JICS implored the committee to do away with minimum sentencing and create a sentencing council to guide sentences. Drug-related and petty offences should be scrapped, and there was a need to decriminalise sex work.
“It is not a question of morality,” Justice Cameron told the Committee. “It is a question of the application of the criminal law.” Sex work should not fall within the purview of the criminal justice system.
He also expressed concern over the use of solitary confinement, “against the statute” and “in conflict with our constitution”. Three-year “behaviour modification programs” are implemented, during which time inmates are isolated for months or even years. There is no evidence that this is working, he said.

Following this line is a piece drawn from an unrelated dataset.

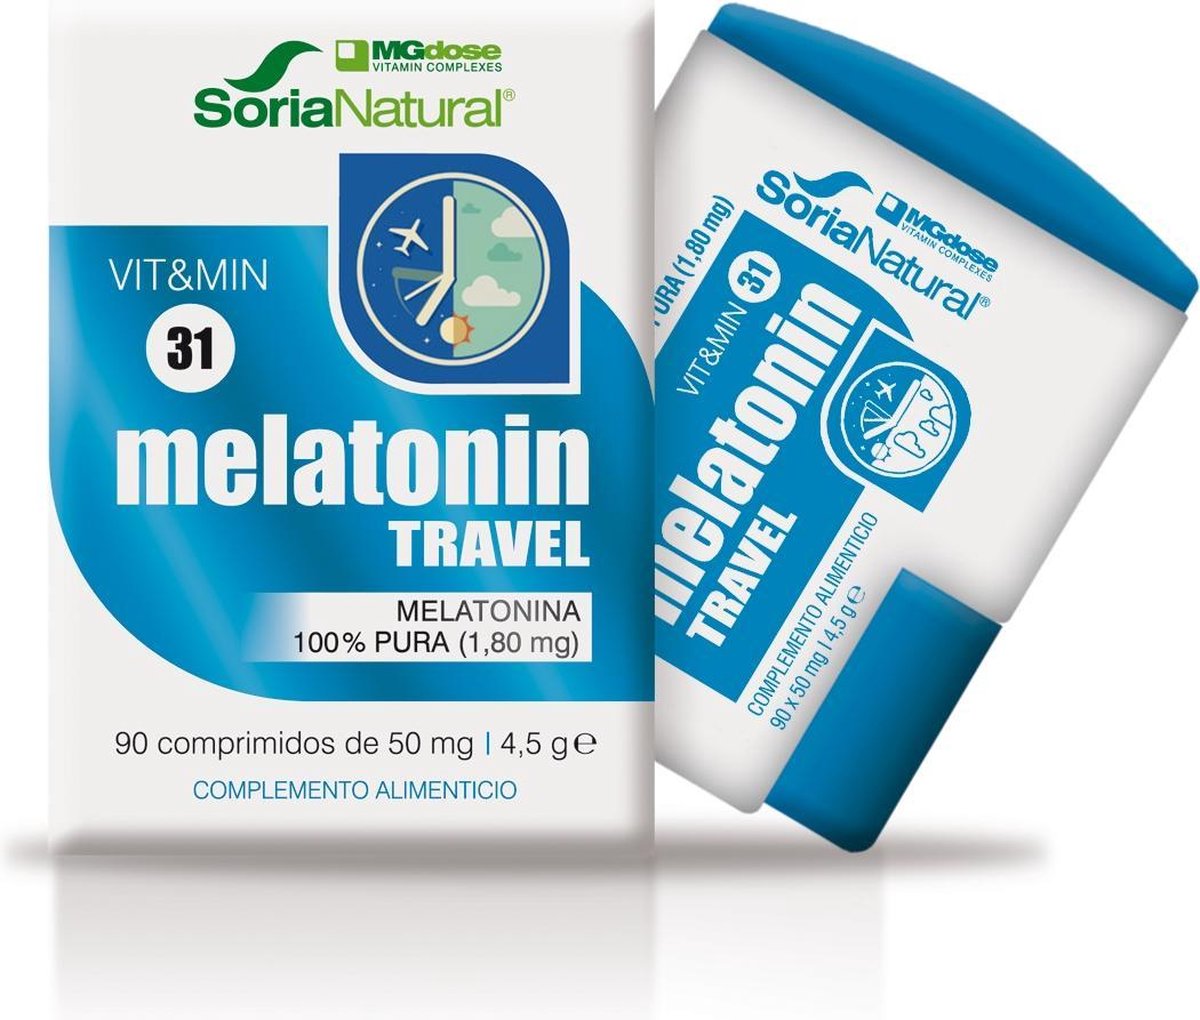 Soria Natural Melatonin Travel 100% Pura 90 Comprimidos

JICS wants the committee to engage with DCS and legislate “an explicit ban on solitary”, and to reconsider such practices, and increase access to education, rehabilitation programmes, exercise, visits and books.
Cameron also asked that steps be taken to ensure DCS officials are held accountable for “gross violations”. He mentioned the example of dogs being released on an inmate at Brandvlei prison in 2014. The inmate died, but the officials have still not been prosecuted.
In closing, Cameron highlighted the conditions for women in prisons. Women face a lack of access to gender-specific health services, rehabilitation, and education. He gave an example of an imprisoned woman whose cervical cancer reached an advanced stage before it was detected and treated.
Committee members expressed appreciation for the workshop and agreed to consider JICS’s suggestions. In responses to the presentation, the members seemed to agree on many key issues.
It was decided that as a priority, judicial officers and judges should be engaged in best practices for sentencing and granting bail to not put unnecessary pressure on the prison system.
Another workshop will be held in March between JICS, the committee, and the Office of the Chief Justice (OCJ).
Disclosure: Justice Edwin Cameron is a member of the GroundUp board.